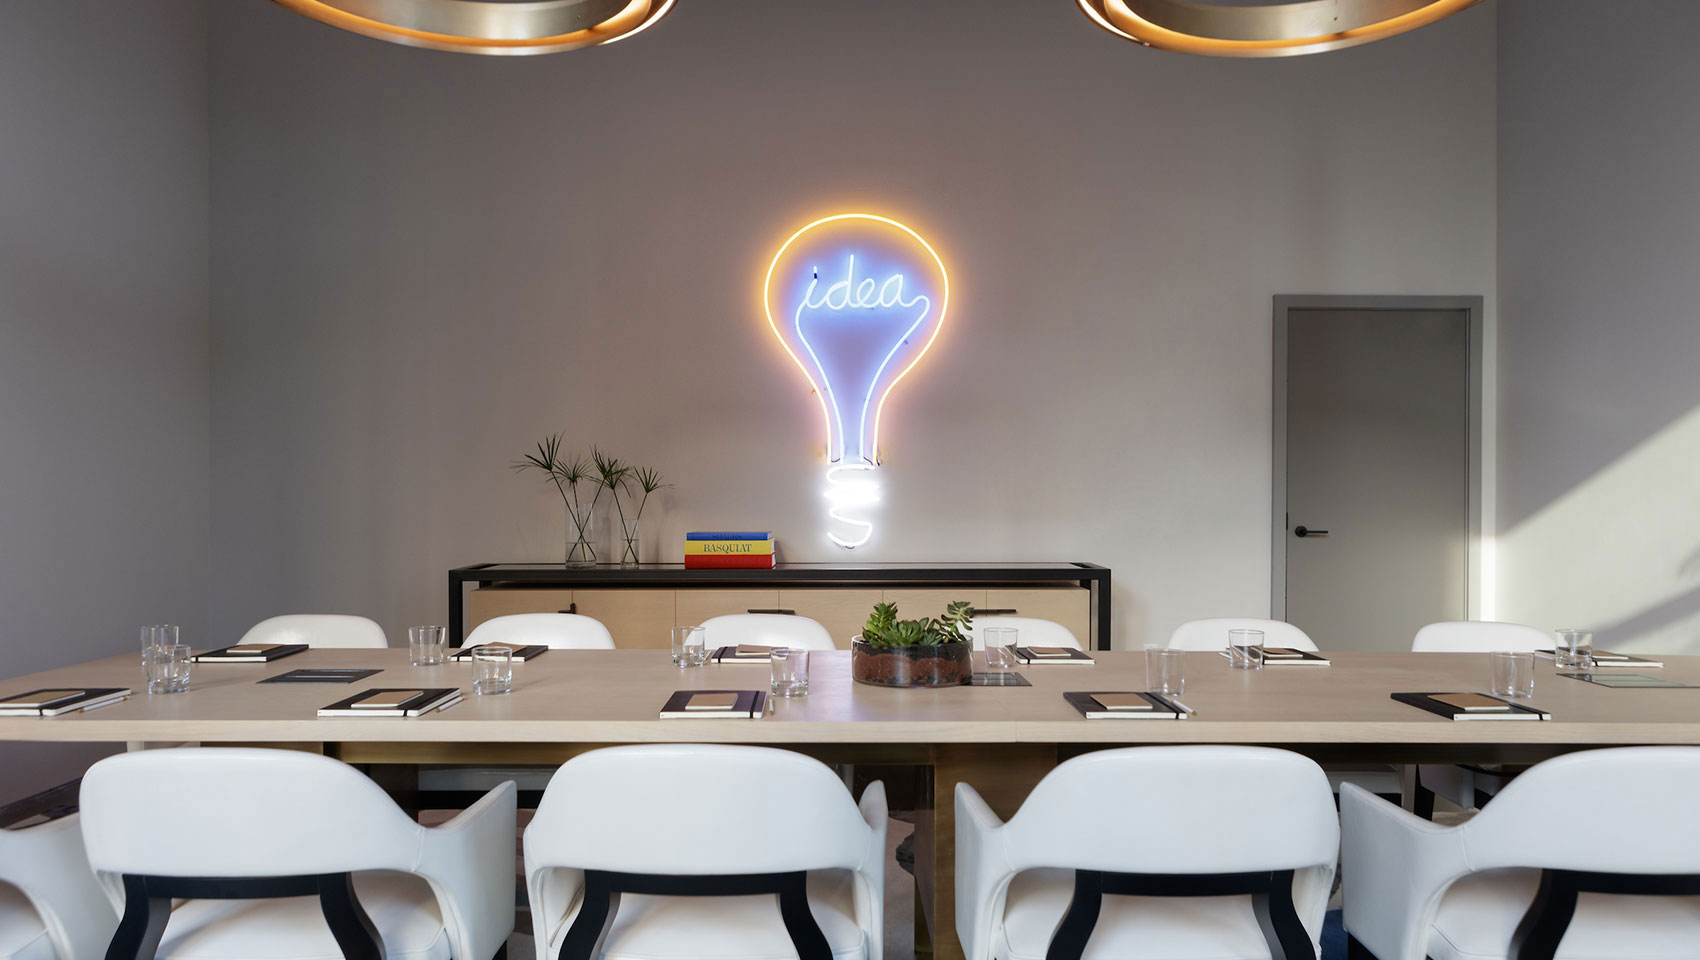 Meeting room setup with lightbulb neon light on wall
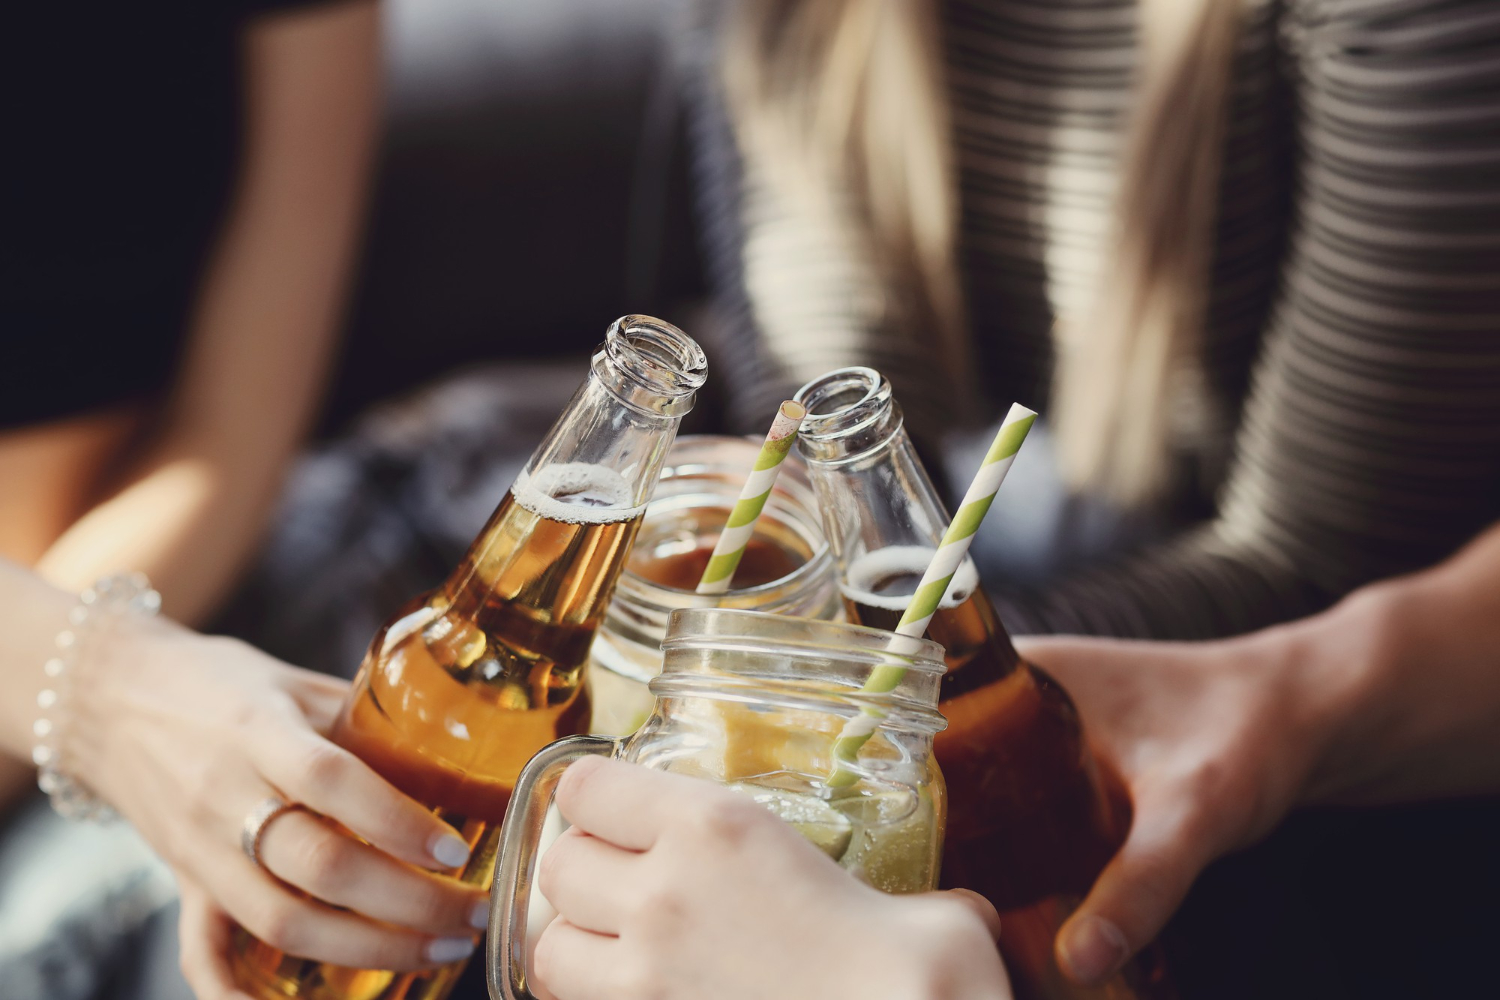 Consumo de alcohol en adolescentes pone en riesgo su desarrollo físico y mental
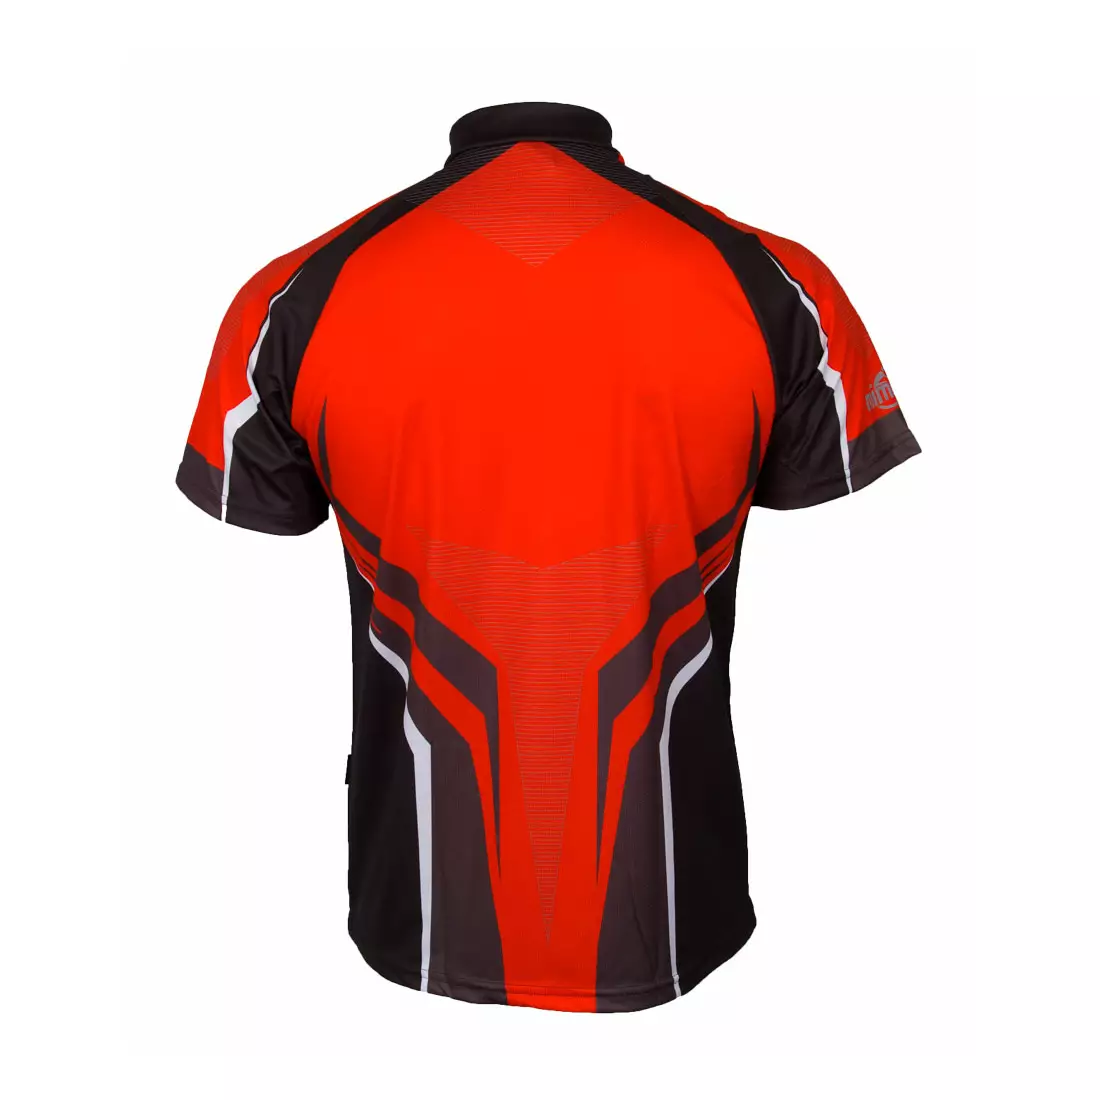 MikeSPORT DESIGN RAVO MTB pánský cyklistický dres, černo-červený

- - - -

(Try it) Please retype the material above exactly, and omit its images.

(Solved exercise)
 Meeting room setup with lightbulb neon light on wall
 Consumo de alcohol en adolescentes pone en riesgo su desarrollo físico y mental
 MikeSPORT DESIGN RAVO MTB pánský cyklistický dres, černo-červený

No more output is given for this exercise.